KEYWORDS:
1. Introduction
Currently, there is no approved vaccine against the Zika virus (ZIKV). However, several organizations are actively developing vaccines using various platforms and technologies. While many of these are in the early stages, several are based upon previously approved platforms and designs against dengue and other infectious disease agents. In March 2016, the World Health Organization (WHO) announced a list of organizations describing for approaches toward Zika vaccine development. This short editorial describes the overview of ZIKV and vaccine development.
2. Zika virus
ZIKV is a mosquito-borne Flavivirus that was first reported in humans in 1952 [Citation1]. ZIKV has recently reemerged in Brazil and tropical/subtropical nations [Citation2,Citation3]. Presently, this noxious virus is being widely transmitted by Aedes (Stegomyia) mosquitoes [Citation4]. Worse yet, the Brazilian Ministry of Health confirmed the relation between ZIKV and microcephaly, and WHO and the US Centers for Diseases Control and Prevention issued an alert about the association of ZIKV infection with congenital malformations and neurological syndromes [Citation5,Citation6]. There is now evidence that ZIKV may also be transmitted sexually [Citation7]. The rapid spread of ZIKV raises increasing concerns for public health, such as the increased frequency of Guillain–Barré syndrome and congenital neurological anomalies [Citation8].
ZIKV is an 11-kb single-stranded, positive-sense RNA virus from the Flaviviridae family, most closely related to the Spondweni virus [Citation9]. Two major lineages, African and Asian, have been identified through phylogenetic analyses [Citation10,Citation11]. Transmission occurs via mosquito vectors from the Aedes genus in a sylvatic cycle involving nonhuman primates [Citation12], but little is known about the seasonal and spatial dynamics. A substantial proportion of ZIKV infections are subclinical, but patients may also present with clinical symptoms similar to other arboviral infections, such as dengue virus (DENV) and chikungunya virus [Citation2]. Commonly reported symptoms include rash, fever, arthralgia, and conjunctivitis [Citation13]. Symptoms tend to be mild; however, there is a concern that ZIKV infection may be related to more severe disease pathogenesis.
Each day, more and more information is available regarding the whole genome of ZIKV that may shed light on viral differences between strains. One major reason is diagnosis of ZIKV infection is hampered by serological cross-reactivity with other Flaviviruses, and relies on the detection of ZIKV RNA in blood through ZIKV-specific reverse transcription polymerase chain reaction (RT-PCR) or pan-flavivirus PCR amplification followed by sequencing or viral isolation [Citation14]. For example, DENV is the most prevalent arbovirus in tropical and subtropical countries. However, most cases are acquired from urban transmission by Aedes aegypti mosquitoes. Every year, DENV infections cause more than 50 million cases, 500,000 hospitalizations, and 12,500 deaths worldwide [Citation15]. DENV like ZIKV belongs to the genus Flavivirus and there are four distinct serotypes (DENV-1 to DENV-4), and infection with 1 serotype does not provide long-term, cross-protective immunity [Citation16].

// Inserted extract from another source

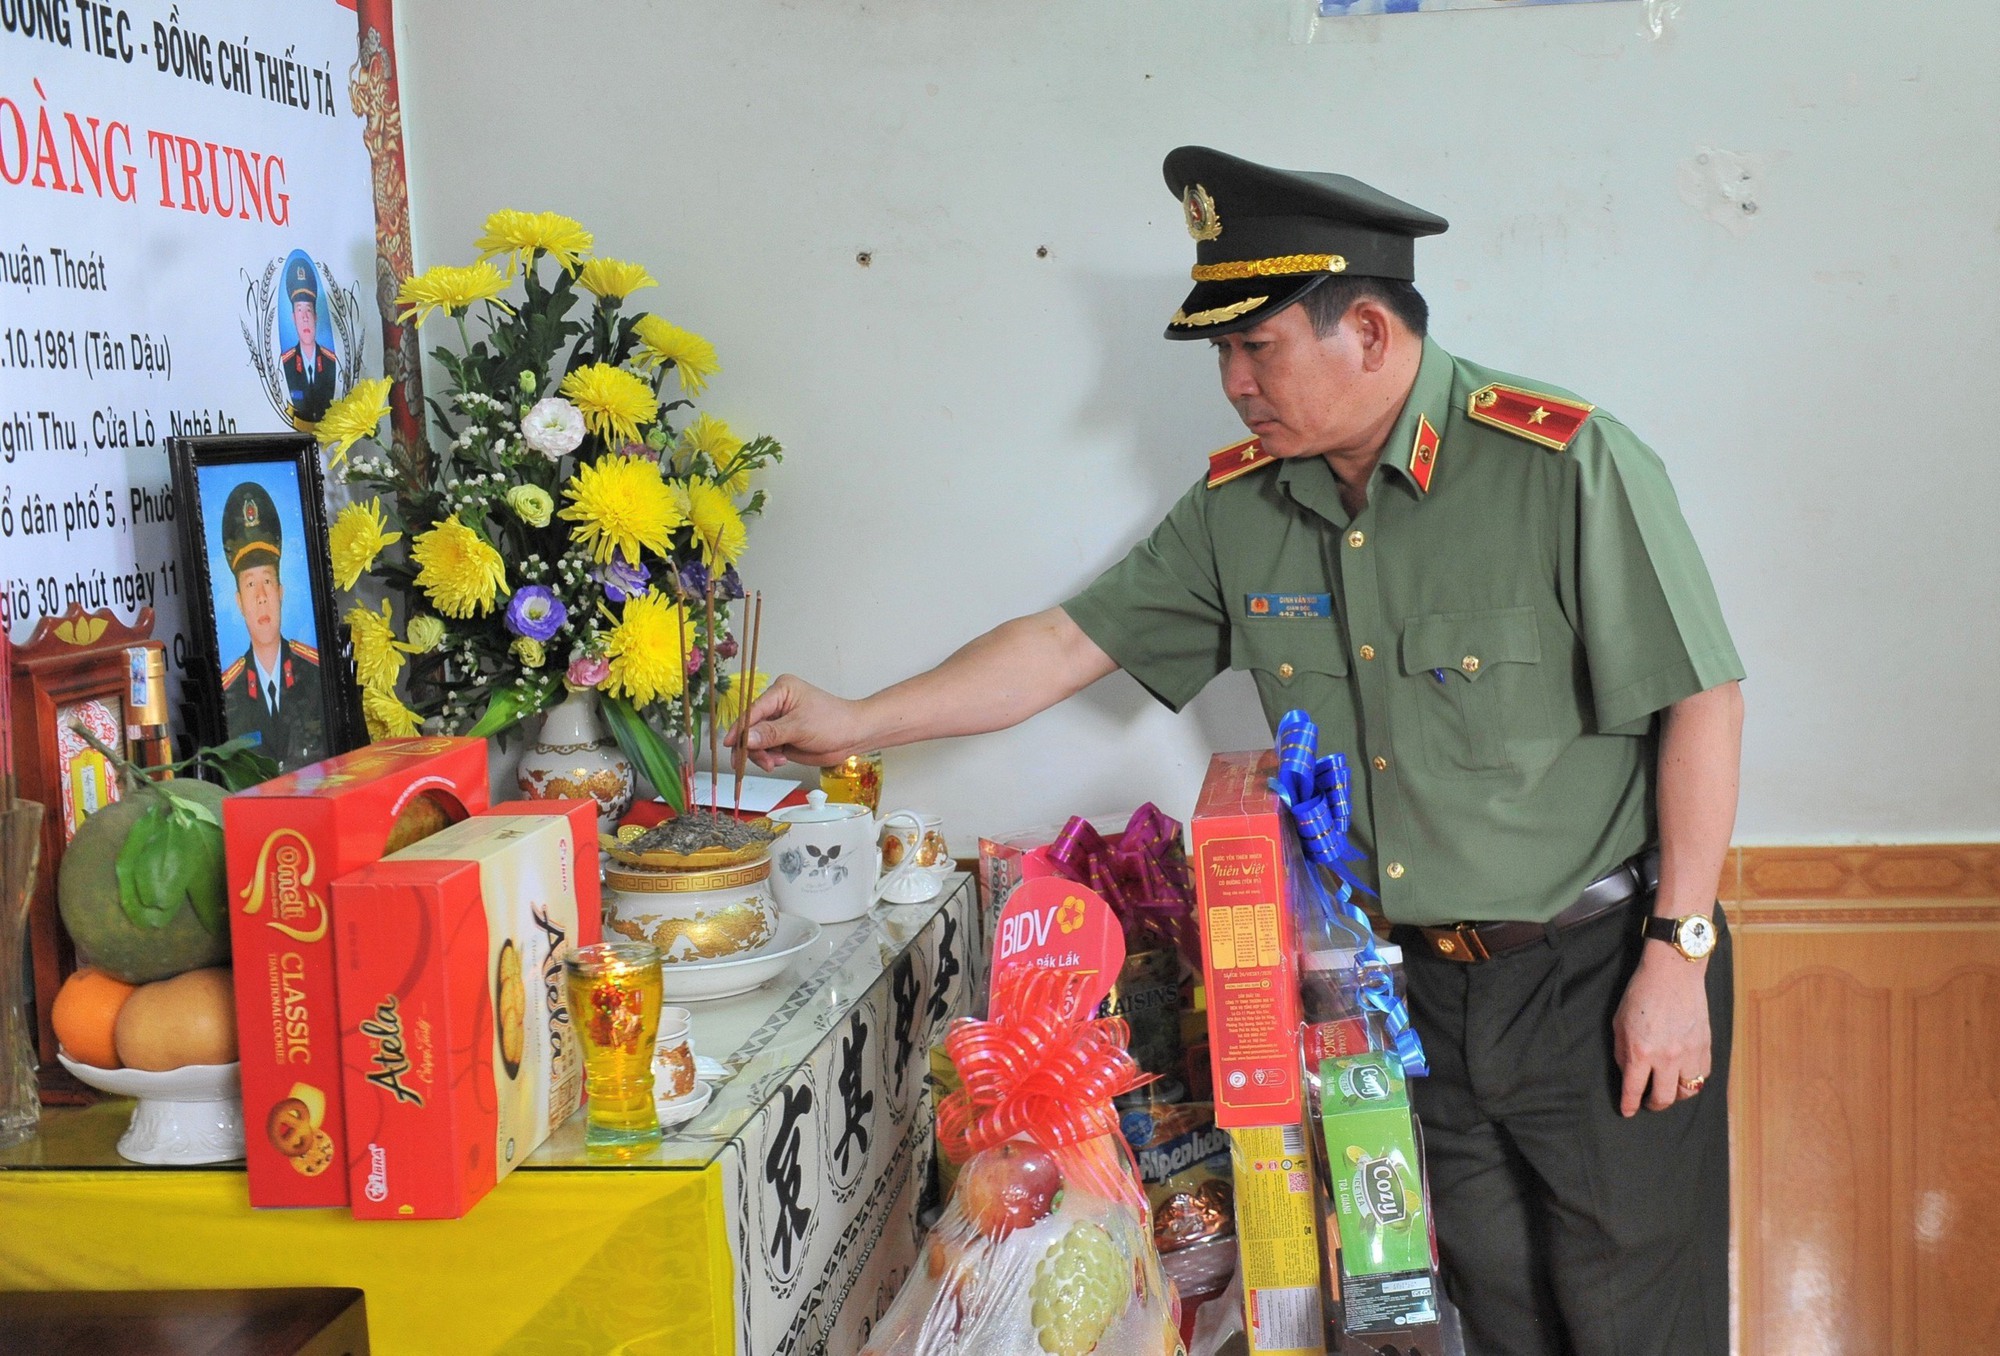 Thiếu tướng Đinh Văn Nơi thăm hỏi các gia đình liệt sĩ, cán bộ Công an trong vụ tấn công tại Đắk Lắk - Ảnh 2.

Before 2007, very few human cases of ZIKV infection were reported, but now there is a full-blown epidemic and the beginnings of a ZIKV pandemic [Citation17]. ZIKV from African and Asia lineages cause infection [Citation11]; however, the ‘African strain’ of ZIKV virus is generally non-symptomatic or in some cases causes acute febrile illness that clinically resembled DENV [Citation18]. In contrast, the emerging Asian strain of ZIKV is known to circulate in the same areas and is associated with a suspected ‘congenital syndrome’, while causing asymptomatic or mild febrile infections that can be DENV-like in infected individuals [Citation13]. For both Africa and Asia lineages, little is known about the genetic relationships. The geographic origin of the strains responsible for the recent epidemics most likely is in the French Polynesian islands. There is a need for vaccine countermeasures to control ZIKV spread.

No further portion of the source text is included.